Where Are We [Going]?
We have the tokenizing and parsing from Norvig’s “Lispy Calculator” working in Lua. The Lua code is very similar to his Python, but I am a bit jealous of some of Python’s neat features.
I did look into the declarations Norvig used, and the -> annotation on his functions, and I’ve concluded that we should stay mindful of them but deal with the issues in a Lua fashion. It seems like Python 3 treats those things as useful optional documention more than anything else. I’m not sure whether it does any checking, and honestly I don’t care, since we don’t have a direct equivalent here chez Ron.
I’m observing that however Peter Norvig wrote his Lispy things, he didn’t write them up in a TDD fashion. He provides no tests, no sense of incremental development. In our development here in Codea, I’ve already found it desirable to write small tests and work incrementally. Sometimes I tried to take the same big bites as Peter did, and often some detail like a string pattern got in the way. So far, we have these tests:
_:test("number parsing", function()
_:test("tokenize", function()
_:test("split", function()
_:test("parse", function()
The number parsing one just assures me that the Lua tonumber function does what we need to determine whether a string is a number.
The next step in Norvig’s implementation is the “environment”, which is a data structure that maps from variable names to values. The names include our own Symbols, but also built-in standard functions.

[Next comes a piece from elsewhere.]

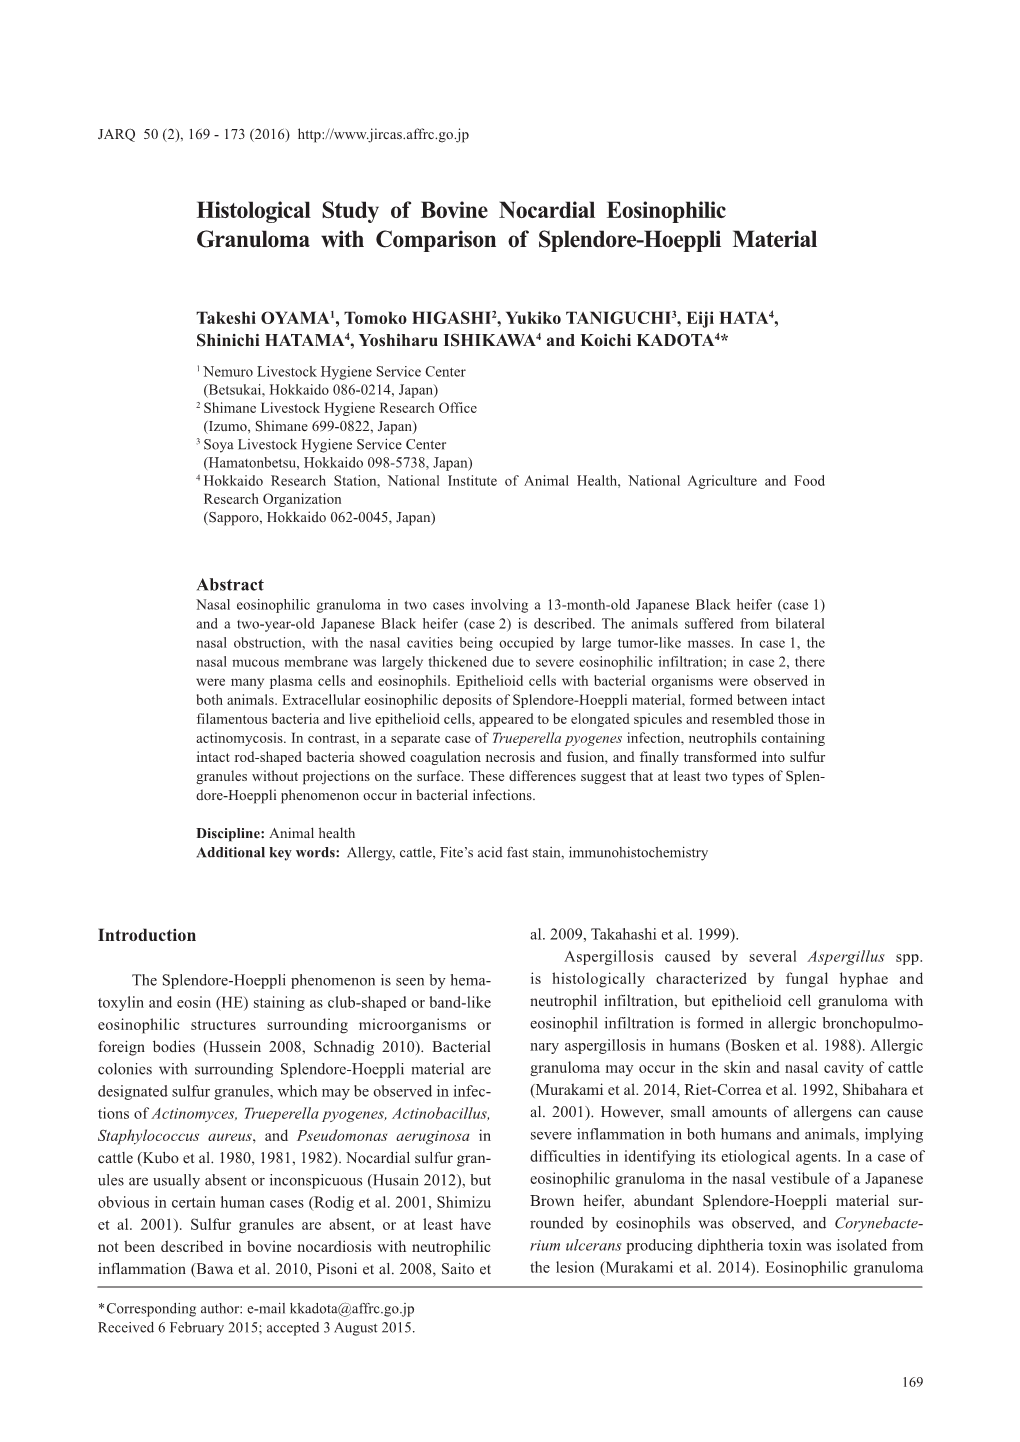 Histological Study of Bovine Nocardial Eosinophilic Granuloma with Comparison of Splendore-Hoeppli Material
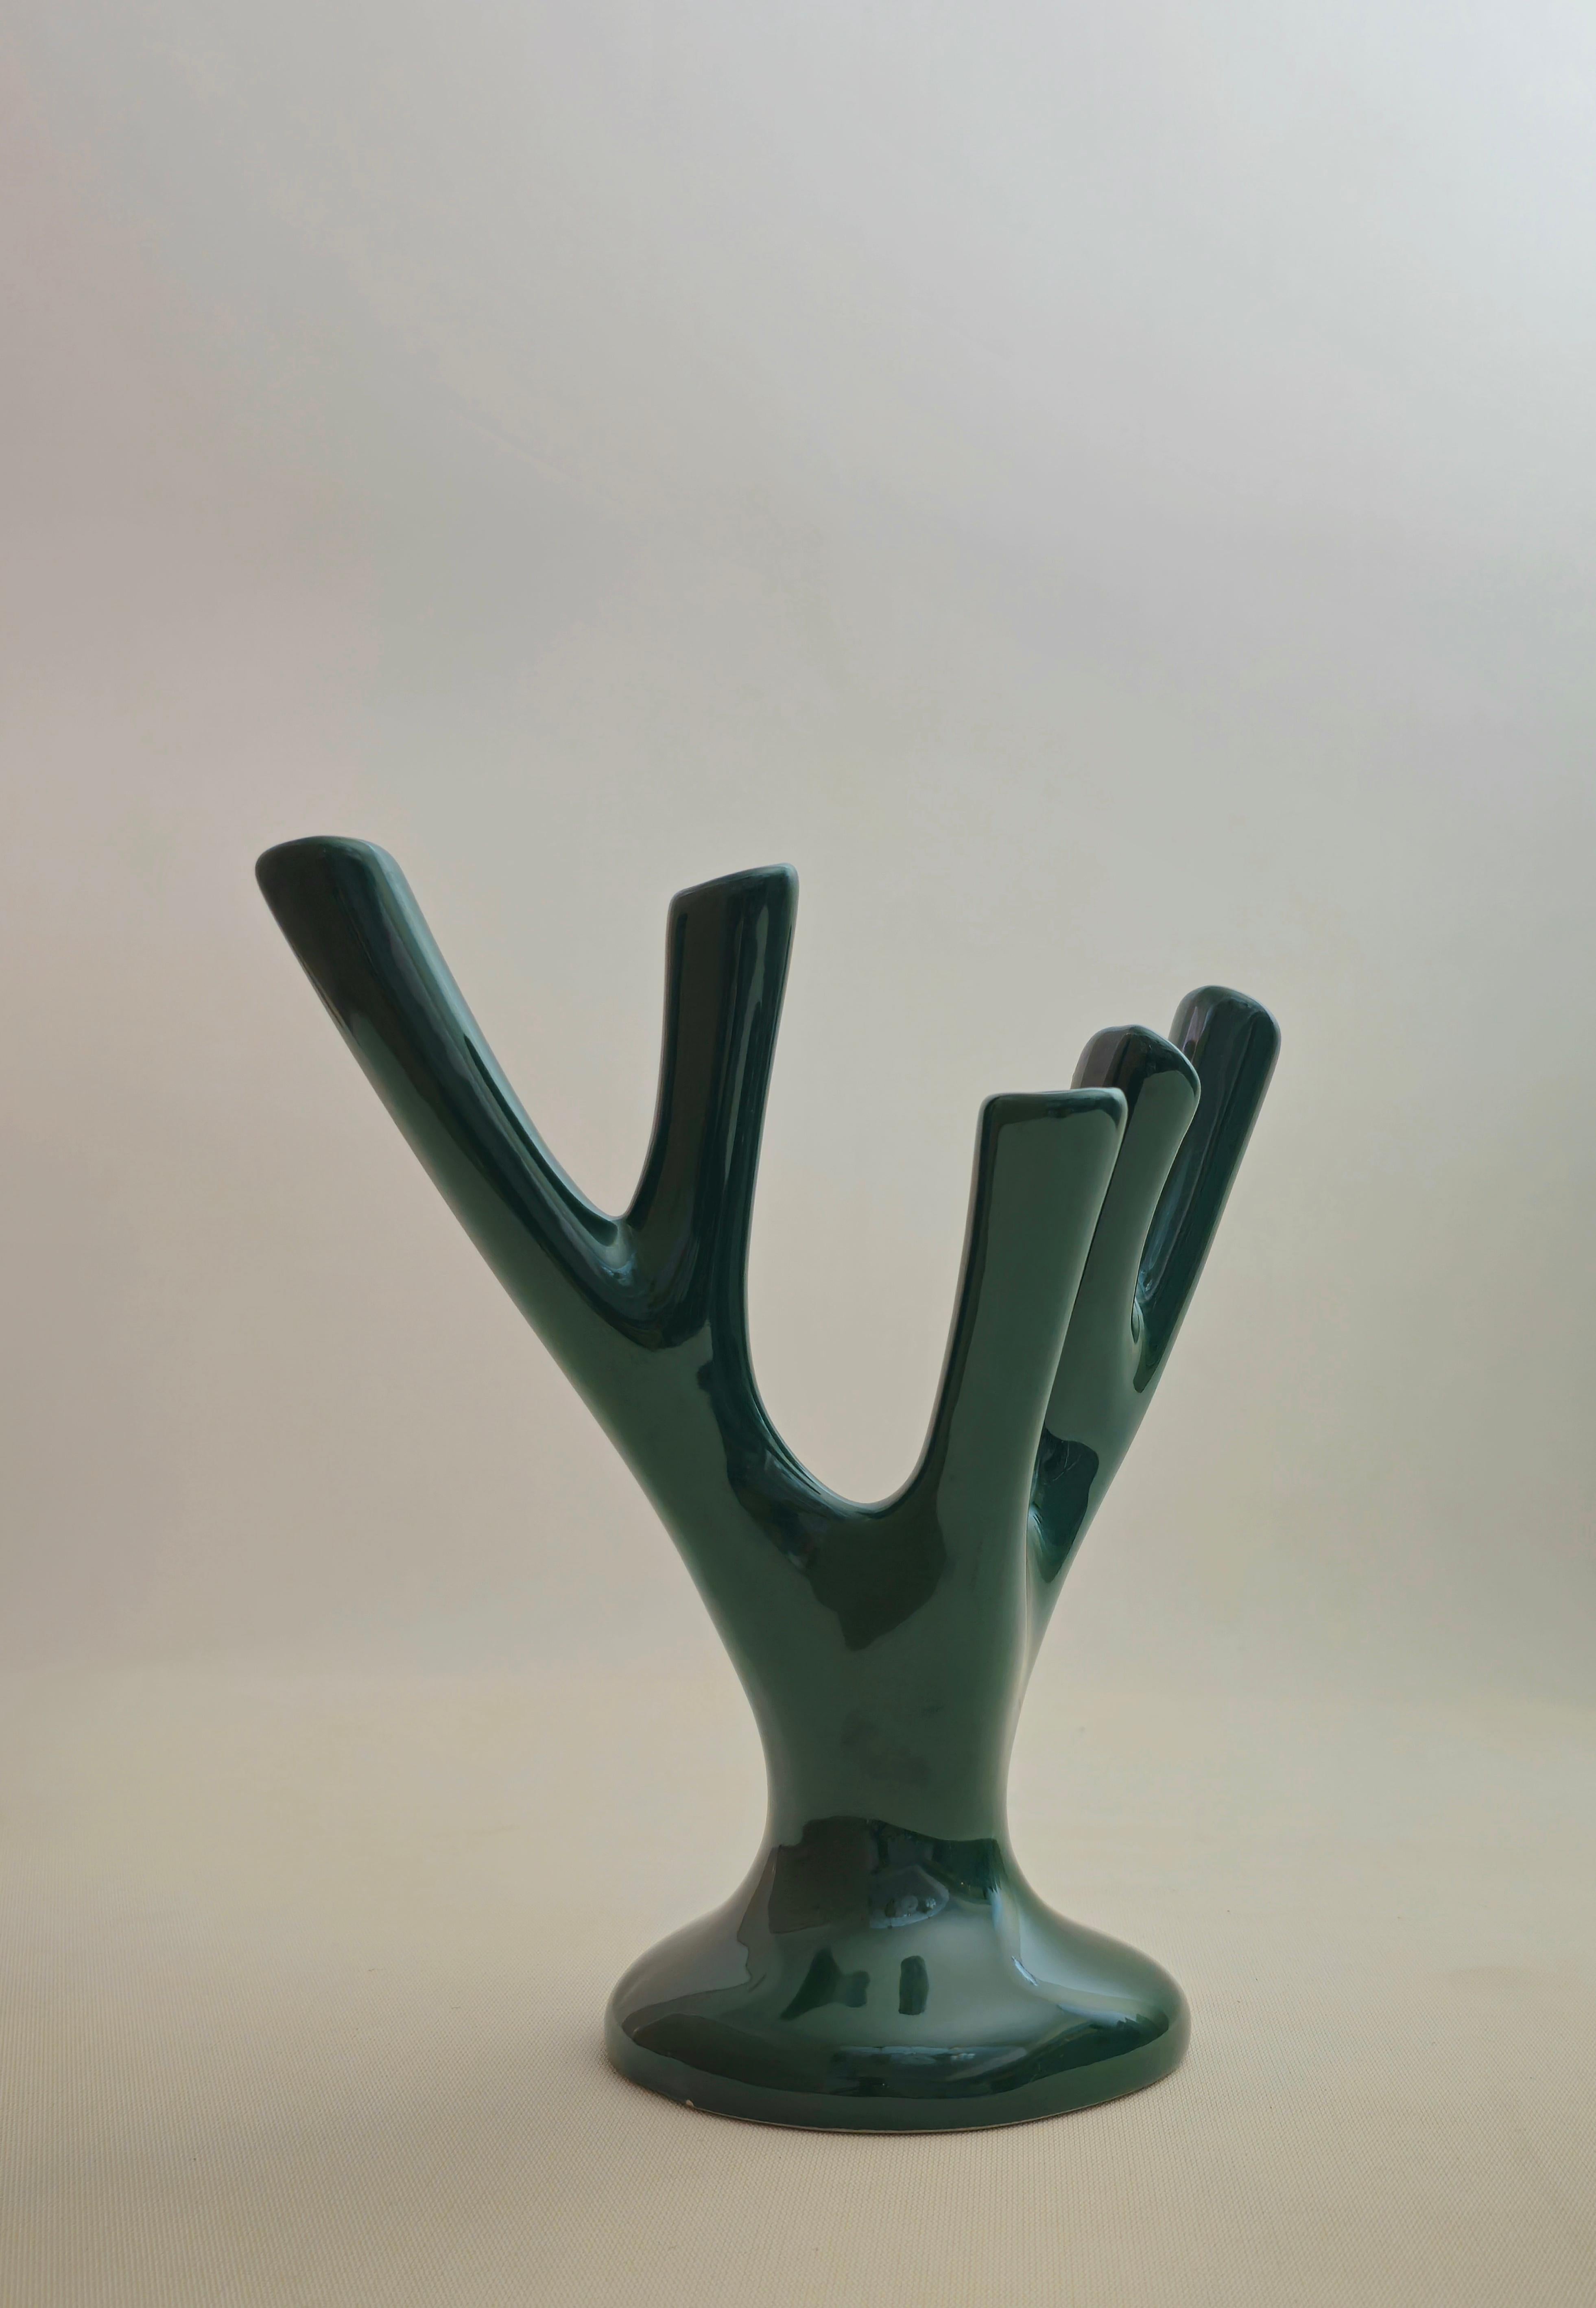 Vase Sculpture Gree Ceramic Coral Flower Holder Midcentury Italian Design, 1970s For Sale 2

Norvig just lays this on us:
import math
import operator as op
def standard_env() -> Env:
"An environment with some Scheme standard procedures."
env = Env()
env.update(vars(math)) # sin, cos, sqrt, pi, ...
env.update({
'+':op.add, '-':op.sub, '*':op.mul, '/':op.truediv,
'>':op.gt, '<':op.lt, '>=':op.ge, '<=':op.le, '=':op.eq,
'abs': abs,
'append': op.add,
'apply': lambda proc, args: proc(*args),
'begin': lambda *x: x[-1],
'car': lambda x: x[0],
'cdr': lambda x: x[1:],
'cons': lambda x,y: [x] + y,
'eq?': op.is_,
'expt': pow,
'equal?': op.eq,
'length': len,
'list': lambda *x: List(x),
'list?': lambda x: isinstance(x, List),
'map': map,
'max': max,
'min': min,
'not': op.not_,
'null?': lambda x: x == [],
'number?': lambda x: isinstance(x, Number),
'print': print,
'procedure?': callable,
'round': round,
'symbol?': lambda x: isinstance(x, Symbol),
})
return env
global_env = standard_env()
OK, I get that he’s director of research at Google and I’m just some guy, but I’m not buying that he just typed that in and it ran. Anyway, what we’ve got here is a dictionary from names to definitions. Norvig is working in a style of defining everything as functions, but I’m in the middle of an OO program, so I am inclined to build an environment object. I’m pretty sure that the statement:
env = Env()
defines a dictionary, and maybe remembers that it is a particular type of one called Env. Anyway what we have here is a function that builds the standard environment. Let’s do a class Env similarly. I’ll write a test or two so that I don’t forget how.
_:test("Env", function()
local env = Env()
env:standard_env()
_:expect(env:at('abs')).is(math.abs)
end)
I picked math.abs because it was something I thought I understood. Test will fail having no Env.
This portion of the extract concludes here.